- **GIVEN INFORMATION**
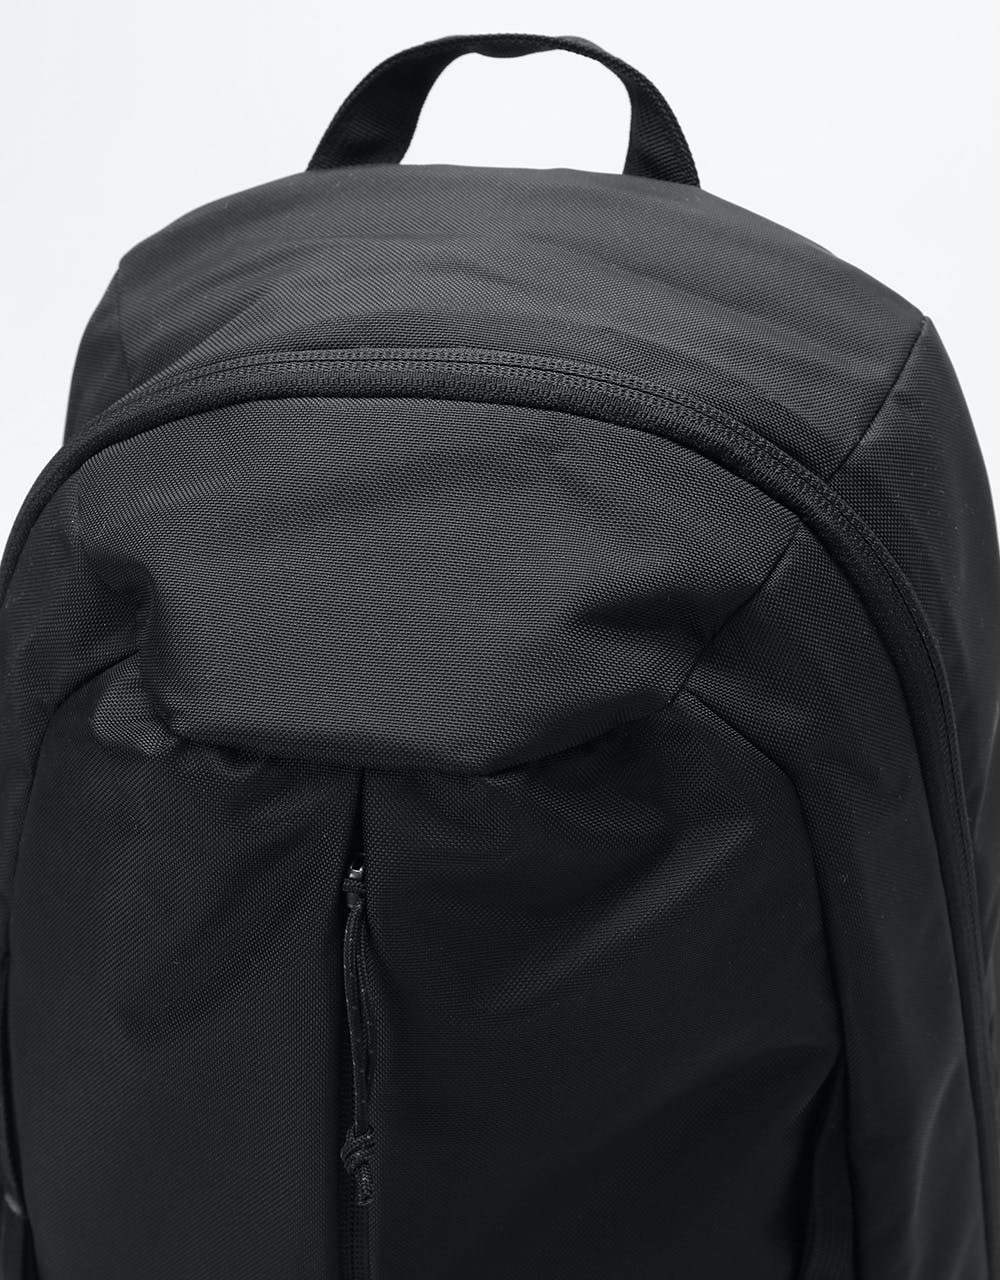 Patagonia Atom Pack 18L Backpack - Black
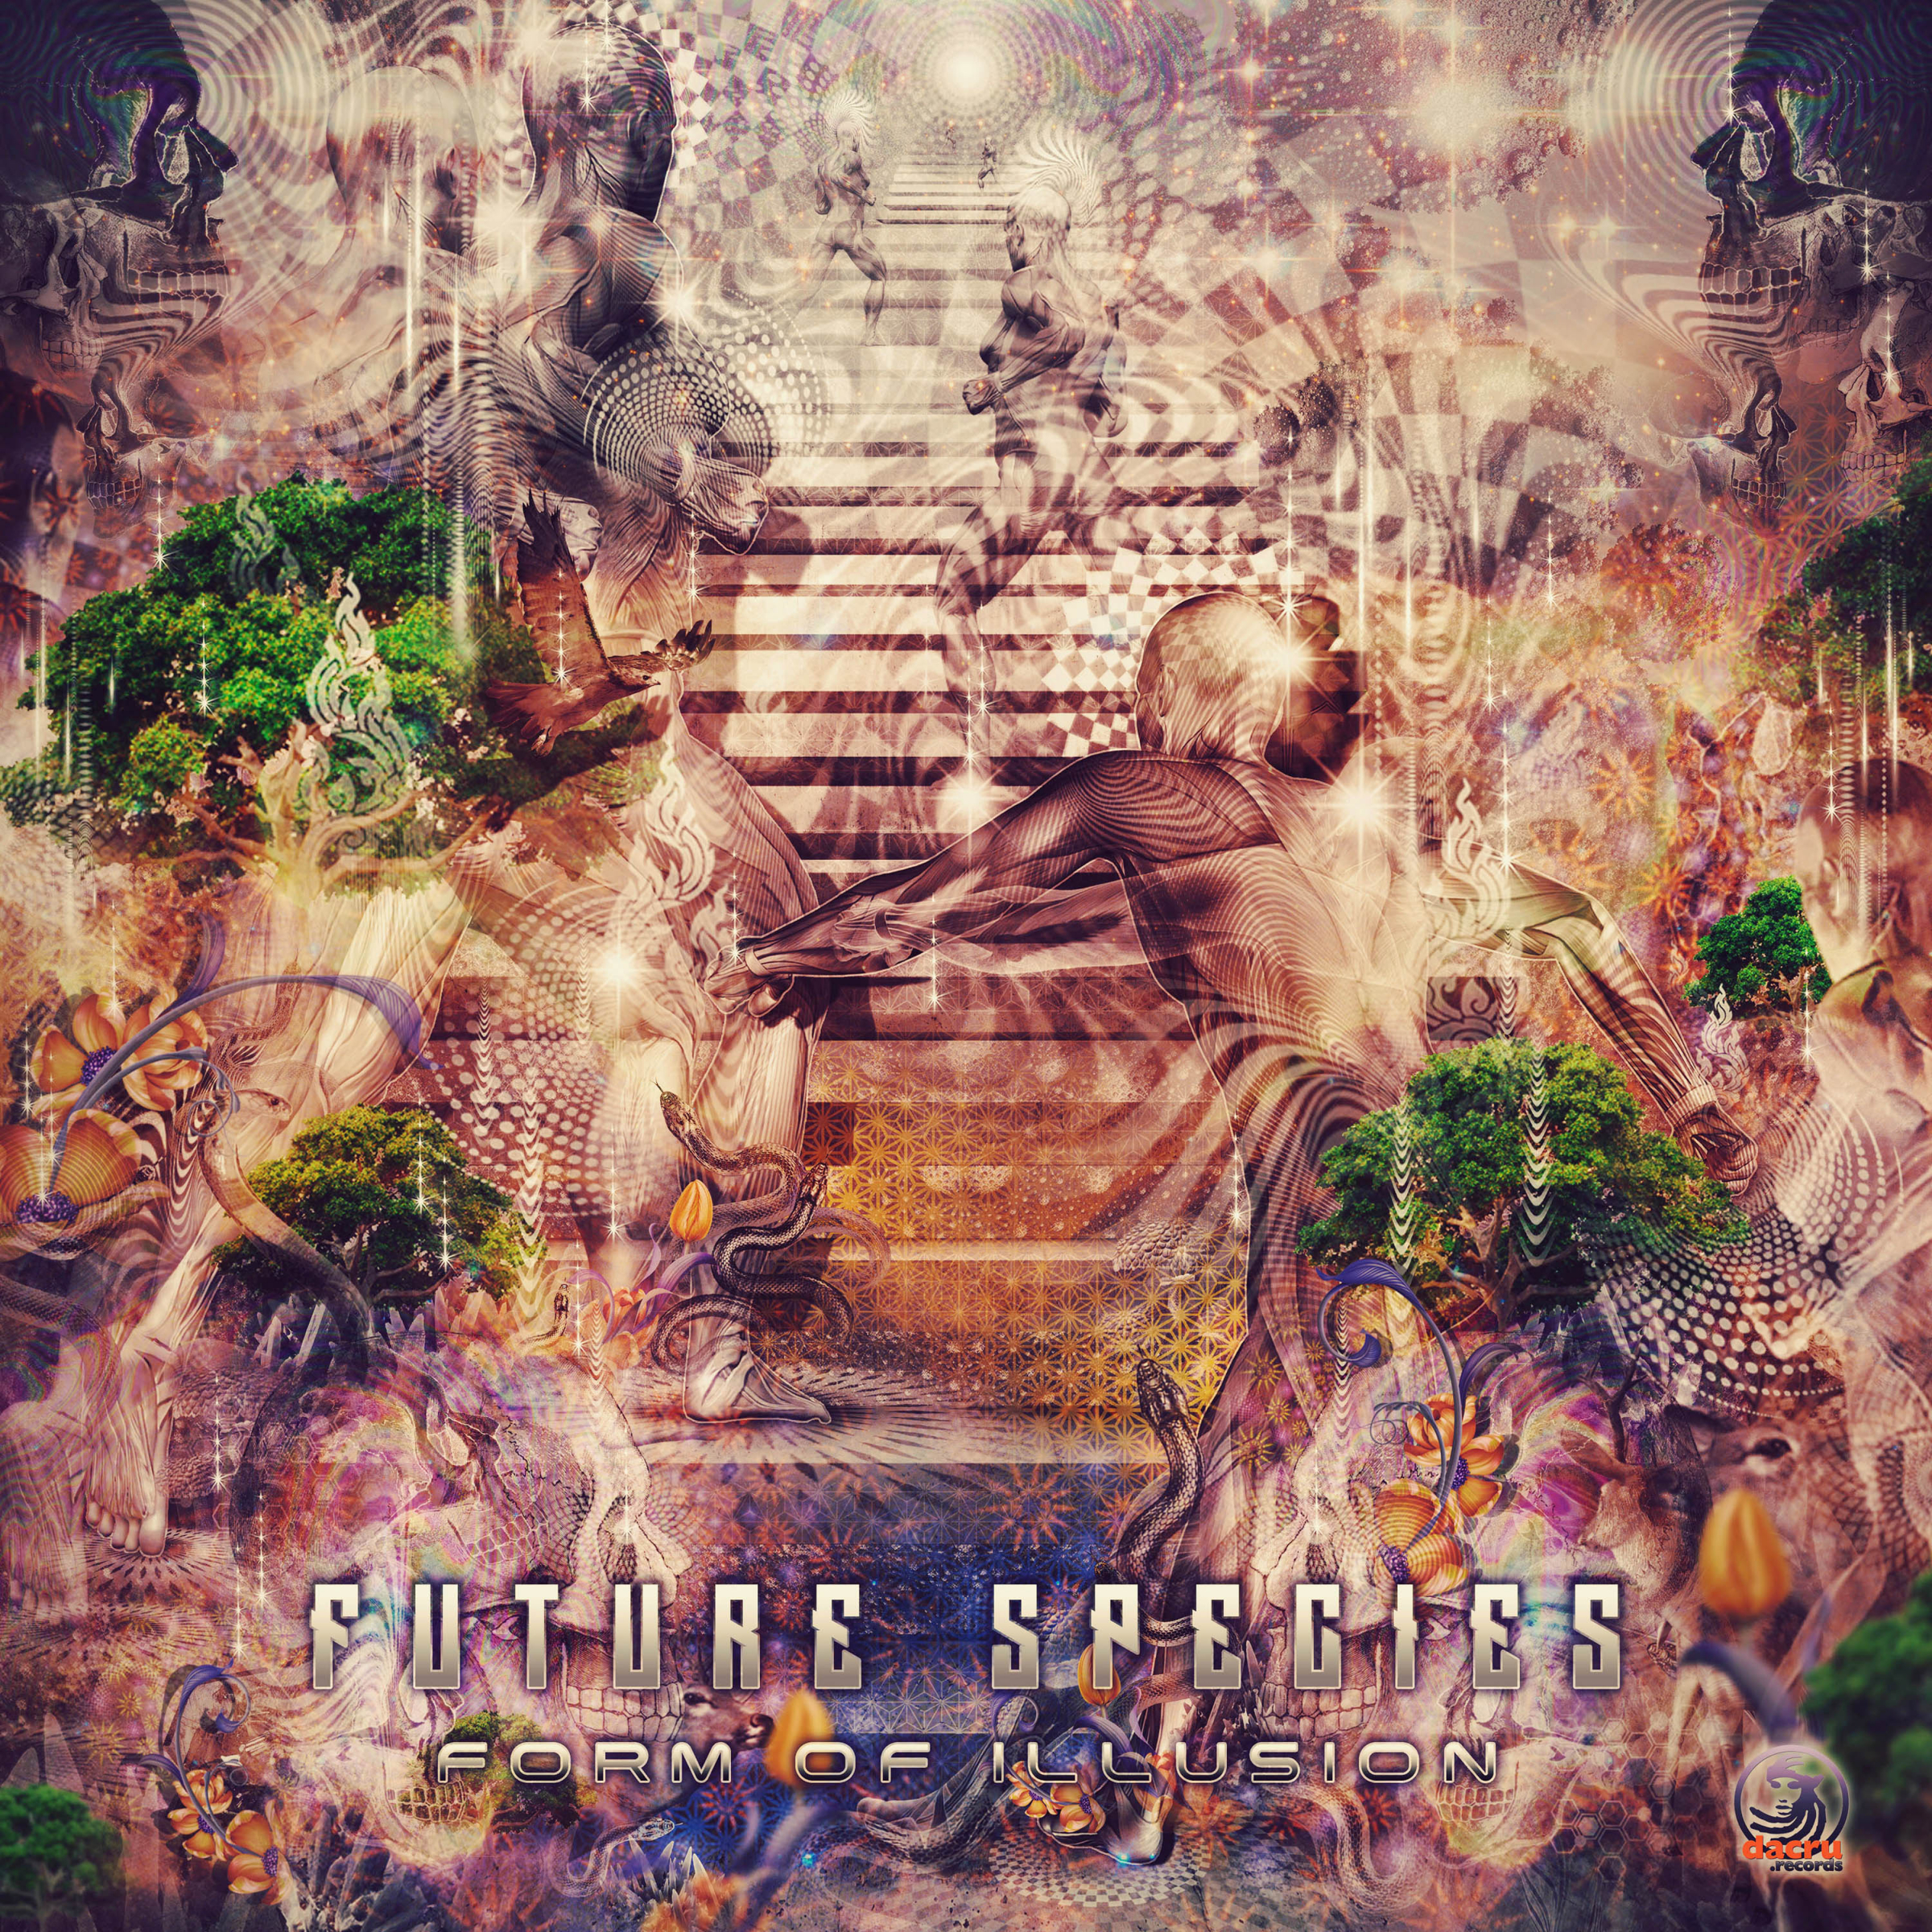 Future special version. Delusion about Future. Future field. Burn in Noise Dacru records. Serpents Recrent albom format.
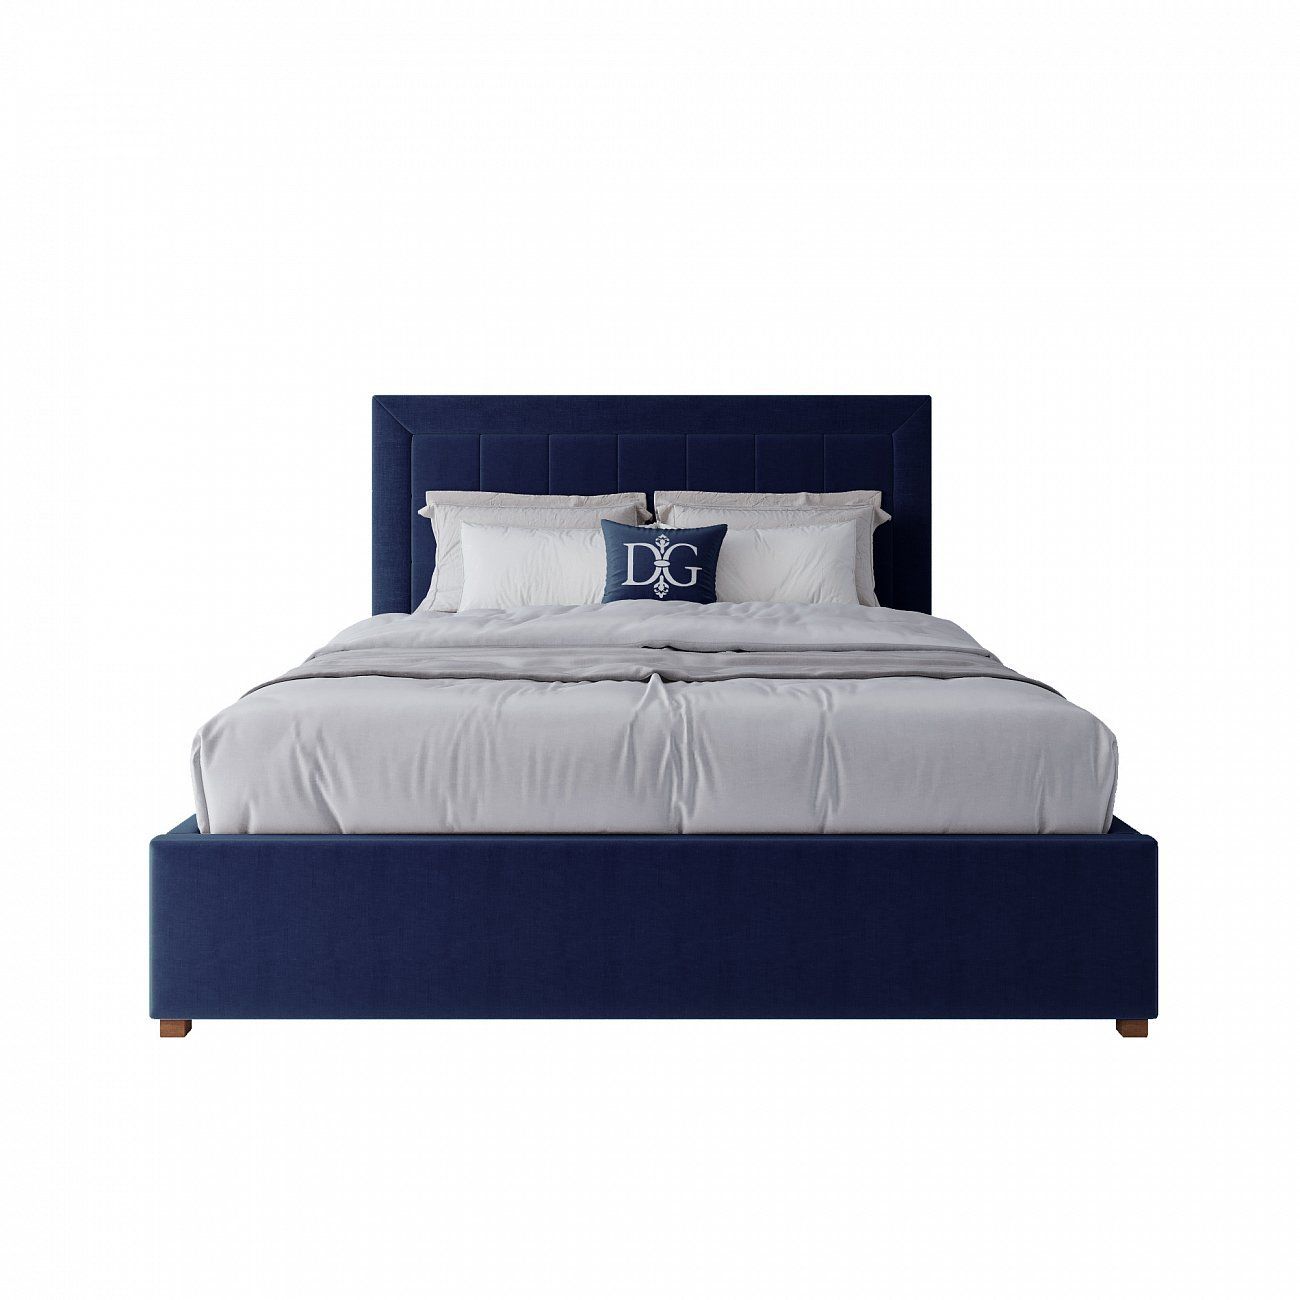 Double bed 160x200 blue Elizabeth
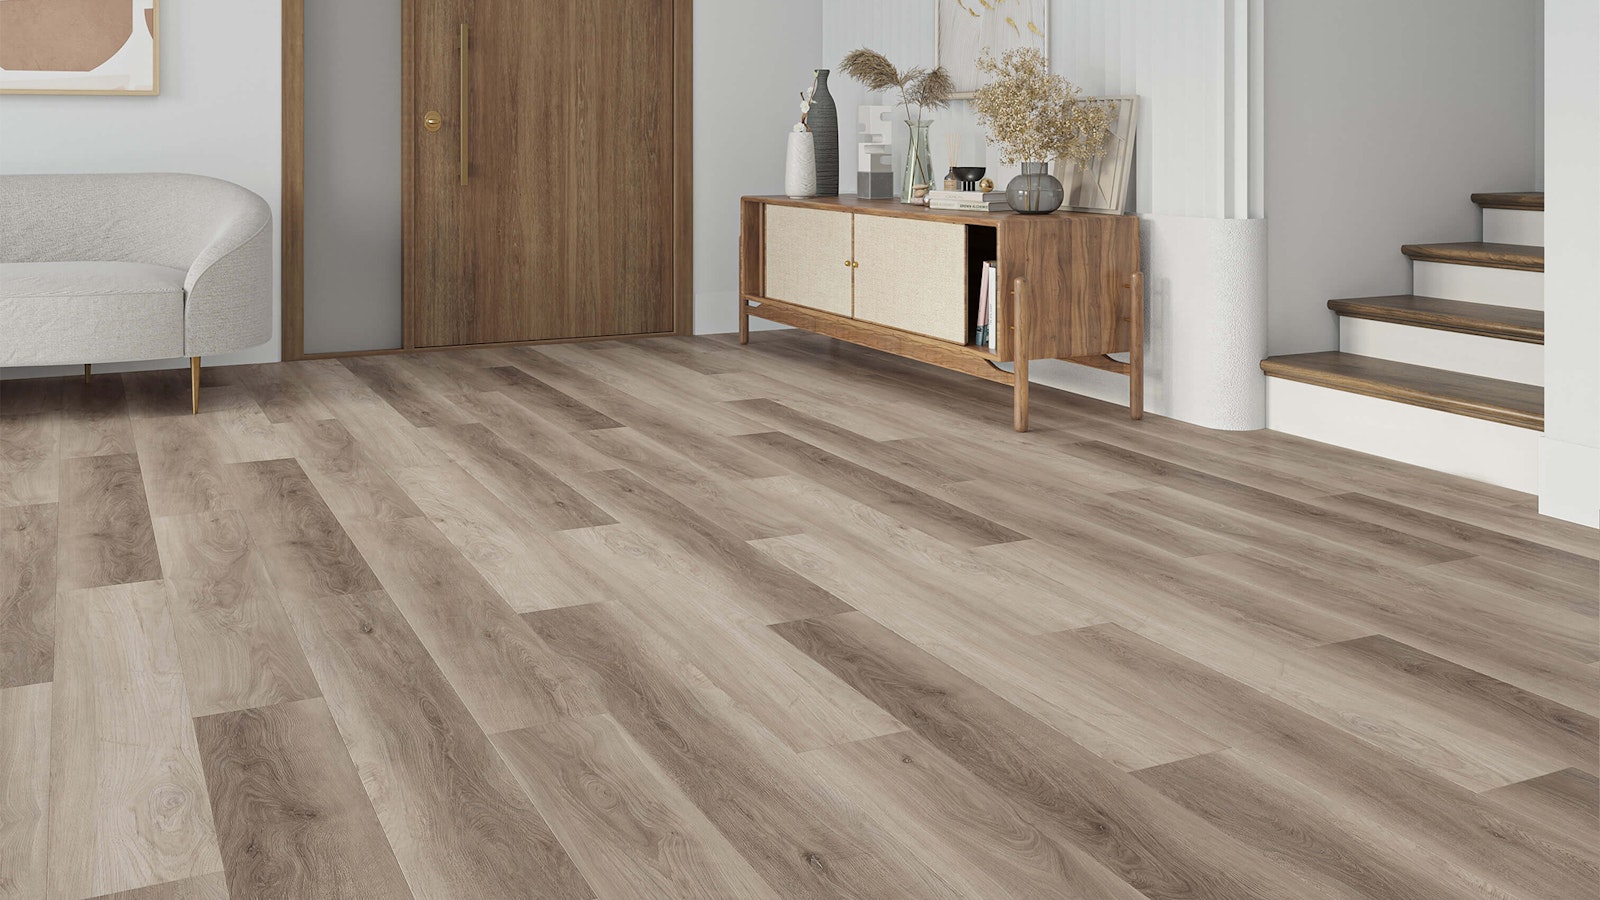 Luxury Flooring Wooden Floors

- **THE TASK**
To complete the exercise, return the listing above exactly and omit its pictures.

- **ANSWER FOR THIS EXERCISE**
 Patagonia Atom Pack 18L Backpack - Black
 Future special version. Delusion about Future. Future field. Burn in Noise Dacru records. Serpents Recrent albom format.
 Double bed 160x200 blue Elizabeth
 Luxury Flooring Wooden Floors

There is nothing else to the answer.